Stock tune does do it. Mine does. Yes the car shakes. It shakes bad, for like 20 seconds correct? Heres what you do, get an old car with a distributor , like my 84 eagle. Pull the vacuum advance for the timing, let it get warm and it shakes like a *******. Its the retarded timing for start ups. It will either do it or not. If it Gets the right timing on start up or not. The ECM fixes it self after 20 seconds or so. That is why there is NO MIL LIGHT. Because there is nothing wrong! My 2002 sunfire did the same thing, it shook and sounded like a diesel for a second. and that had 210,000 miles on it when i sold it. So im telling you its not bad a for a motor.


----------



## unitednations161 (Mar 13, 2011)

If it does it on numerous occasions after the car is warm then yes something is wrong. But if it does it on a overnight start or a very big temp change then its perfectly normal.


----------



## Chevyderek72 (May 16, 2011)

WMPthree said:


> If yours did it on the stock tune then I can guarantee you're ignorant to the severity of what I classify as a "rough start." You would have certainly gotten it serviced, as I am trying to do with this post The car literally shakes when it does it. Im not talking about a little misfire here and a little misfire there. It goes straight into stutter mode when idling. I'm not a gear head, but I know my fare share about motors and I know this is not good for the life of the motor.
> 
> 
> Sent from my iPhone using AG Free


I really don't appreciate you calling me ignorant. I know exactly what you are saying and what your car is doing. It shakes my car also, for 10-15 seconds or so then smooths out and only does it after sitting overnight. After some searching on this forum I found other people have seen this with no ill effects. It also doesn't throw a code, and after checking for any saved codes in the system there is none. This all leads me to believe it isn't going to kill my motor, especially after several people mention the timing.


----------



## smorey78 (Apr 8, 2012)

I wonder if an 84 eagle and 2012 cruse have any parts what so ever in common. hahaha


----------



## unitednations161 (Mar 13, 2011)

smorey78 said:


> I wonder if an 84 eagle and 2012 cruse have any parts what so ever in common. hahaha


Um they both operate in the same way dont they? Air and gas ignite and Make exhaust to and it moves a vehicle. The concept is the same. Besides the emission controls. So what you can do on an 84 eagle you can do on a 2011. They both work the same exact way sorry to inform you. Just one manually and one with a computer.


----------



## unitednations161 (Mar 13, 2011)

Chevyderek72 said:


> I really don't appreciate you calling me ignorant. I know exactly what you are saying and what your car is doing. It shakes my car also, for 10-15 seconds or so then smooths out and only does it after sitting overnight. After some searching on this forum I found other people have seen this with no ill effects. It also doesn't throw a code, and after checking for any saved codes in the system there is none. This all leads me to believe it isn't going to kill my motor, especially after several people mention the timing.

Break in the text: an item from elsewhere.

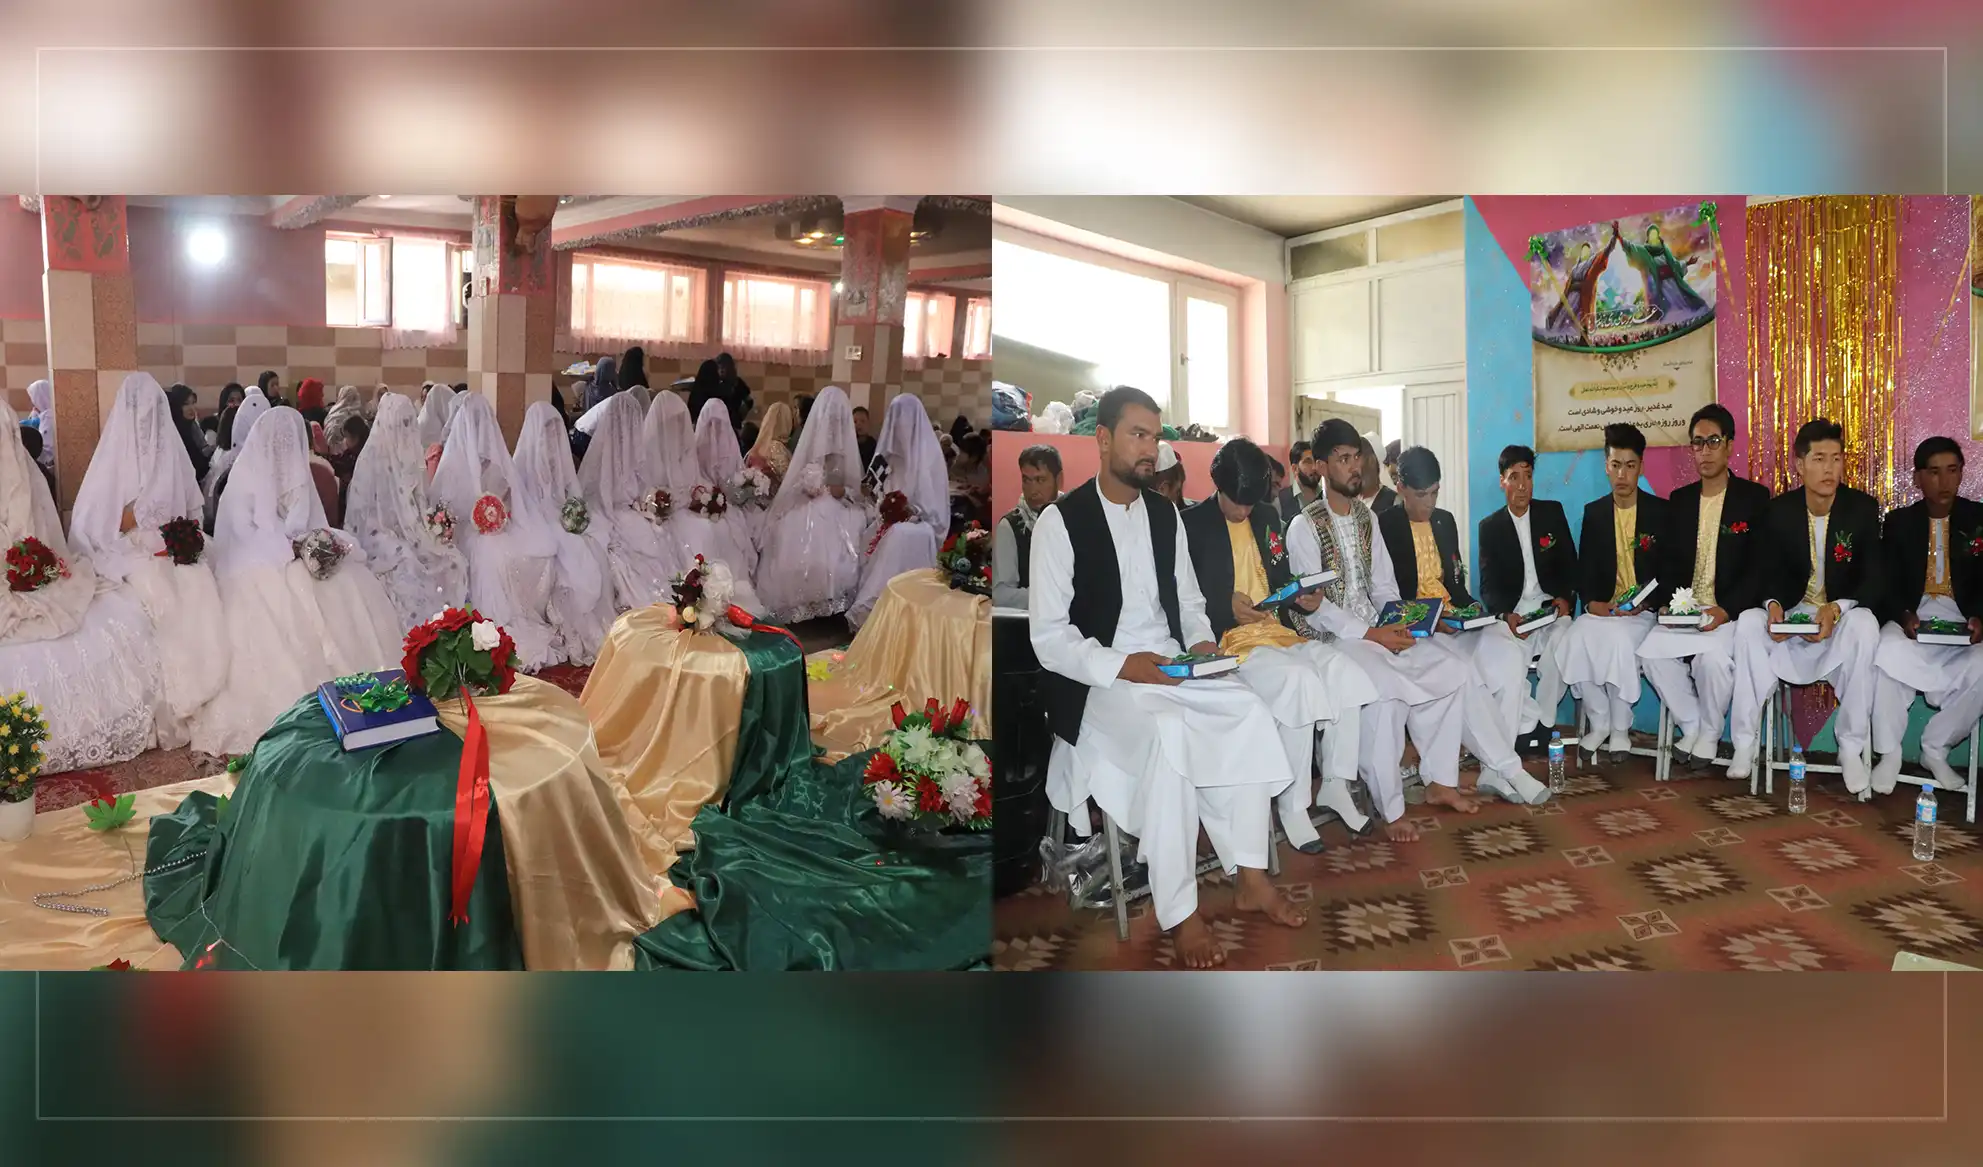 24 couples tie the knot in Ghazni mass wedding ceremony

exactly, thanks for agreeing with me as well.


----------



## Chevyderek72 (May 16, 2011)

unitednations161 said:


> exactly, thanks for agreeing with me as well.


No problem!

Sent from my DROID X2 using AutoGuide App


----------



## jstahliv (Apr 13, 2016)

When I start my car up (2012 cruze 2lt 1.4lt with cx racing intake) it get this stuttering and sputtering. Does seem to happen when it's cooler than when I turned it off. Using 93 octane.


----------



## jblackburn (Apr 14, 2012)

jstahliv said:


> When I start my car up (2012 cruze 2lt 1.4lt with cx racing intake) it get this stuttering and sputtering. Does seem to happen when it's cooler than when I turned it off. Using 93 octane.


Car needs to be tuned specifically for the CX Racing intake. It throws off MAF readings.


----------



## jstahliv (Apr 13, 2016)

Yeah, I am going to have to save up some cash for it. The rough start does not always happen though so that is good.


----------



## jstahliv (Apr 13, 2016)

here my air intake cx racing* filter fell off, need to get a kandn to put on.


----------



## jstahliv (Apr 13, 2016)

So when the air filter fell off, it made the car sputter at start. Now I have K&N filter on the cx racing intake and it no longer has a problem. The filter that comes with the kit sucks.


----------